Over the past couple of months, we have discussed the all-encompassing benefits of a healthy diet and exercise. As the year comes to a close, think it is now time to take a look at the darker side of things.
A primary concern while exercising is that of injuring oneself. This has been discussed in several previous articles on running, weightlifting, using kettle bells, etc. Let’s address all of these in one place.
Nearly half the people who run regularly end up injuring themselves over the course of a year. These injuries can be anywhere - feet, ankles, knees, hips, back or neck. There is also the risk of road traffic accidents if one is running on the roadside instead of on a track or in a park.
Herein lies the importance of a coach - to learn the proper stance, develop the right stepping, using the right footwear for individual needs, and most importantly-the right way to stretch fatigued muscles. Most injuries can be prevented by these, and doing proper warm up and cool down, which are essential for any strenuous exercise.

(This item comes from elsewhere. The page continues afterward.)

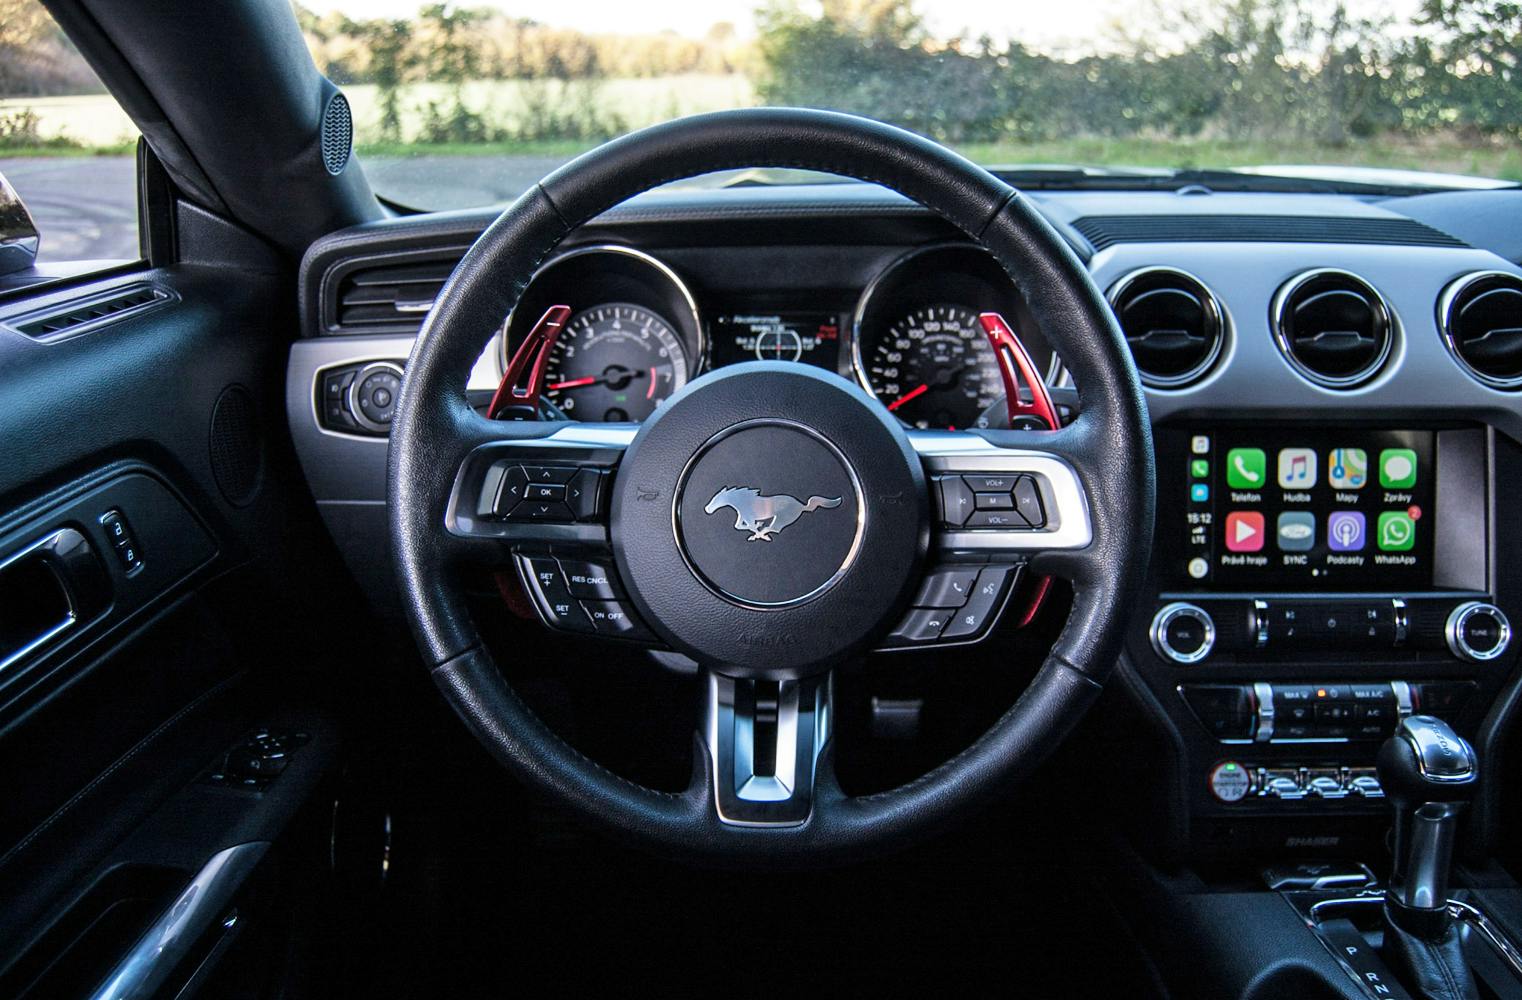 Ford Mustang GT 5.0 | Probefahrt im legendären Muscle Car

Another common concern is that of a sudden cardiac arrest during or immediately after a long run. This has also been discussed at length earlier. To reiterate, in healthy and fit individuals who exercise regularly, the risk of such an unfortunate accident is very low, and rises only to a very minor extent while exercising. Conversely, regular exercise significantly lowers the risk of sudden collapse during the rest of the day (a risk which is much higher in sedentary individuals). It’s important to be aware of this. This is also why it’s recommended that any person starting on a strenuous exercise program, especially after the age of 30, undergo a medical check-up prior to beginning. Notably, males are much more likely than females to suffer such events.
One is also prone to injury while weightlifting, though surprisingly, less so than running. However, trainees often suffer muscle pulls, which need time to heal, and muscle soreness and stiffness, which are mostly benign and self-limiting. One needs to differentiate between muscle soreness occurring soon after unaccustomed or heavier exercise, delayed onset muscle soreness and muscle pulls or worse still, tears. While the first two will settle with appropriate rest and decrease (but not disappear) with experience, muscle pulls may need physiotherapy and avoidance of exercises stressing the injured muscles till they heal. However, some soreness is normal after a heavy bout of exercise, and the muscle need not be avoided unless the situation worsens.
Muscle tears need professional opinion from an orthopaedic surgeon or ideally a sports medicine specialist. Even more important is to find out why the muscle was injured - was it was due to an improper technique, or inappropriately high weights? Needless to say, that the predisposing factors need to be addressed. Proper training for learning techniques is even more important for exercising with kettle bells, as rapid, jerky movements with a weight are more likely to cause injury.
Resistance training mandates following proper exercise techniques, and realising that slow and steady is the only way to gain. It’s been said that we overestimate what we can achieve in a year, but underestimate what we can in a decade. This is particularly true for weightlifting. Growing from 30s to 50s, a feeling of improving youth and fitness that is imparted is a most satisfying reward. The ancillary benefits of sticking to lifting heavy weights regularly are many, not least of which is developing an iron will to persist in the face of adversity.
One is usually prepared for pain and injury when initiating an exercise program; it’s the desire for rapid progress and unrealistic goals that causes greater harm. After the initial honeymoon period of rapid increase in strength and fitness, one reaches a plateau within 3-6 months of regular exercise, depending upon one’s initial fitness levels. At this stage, a coach is most crucial in guiding a trainee regarding programming-a term signifying taking a couple of steps back before moving 3 steps ahead. Even so, progress is slow and hard to find. The obvious solution at this stage is shortcuts: the use of supplements and/or drugs to augment performance.
These have been in use for decades now: Arnold Schwarzenegger was candid enough to admit that in his time, they used drugs to boost performance as they didn’t know better. However, others like legendary cyclist Lance Armstrong admitted to using them with full knowledge, managing to fool authorities for years, before finally coming clean a few years back. It’s important to understand supplements for what they are, along with their long-term consequences.
Whey protein is safe upto reasonable limits - 30-40 g per day can be easily digested and tolerated by a healthy young athlete aiming to fulfil her protein requirements. Other safe products include multi-vitamins and some minerals within recommended doses. Limited amount of creatine and glutamine powders may enhance strength and hasten recovery, respectively, and may be consumed under medical supervision. However, these are expensive and often come from unreliable sources.
Nothing beats a healthy diet, regular exercise and a solid will, as far as a normal adult aiming for fitness is concerned.
Steroids and other performance boosting drugs are a strict NO-NO; these harm the body in numerous ways and people might suffer lasting consequences for years even after giving them up. Youth in their pursuit of strength or a six-pack should not get carried away. They should persevere with their efforts and avoid taking short cuts - an endeavour that is fraught with permanent risks.
In summary, exercise is a life-changing endeavour, with multifarious benefits. It has to be a lifestyle change, rather than a compulsion and should not be muddied with drugs or supplements for rapid gains.
This is a recurring column published every Sunday under the title: A Guide to Exercise.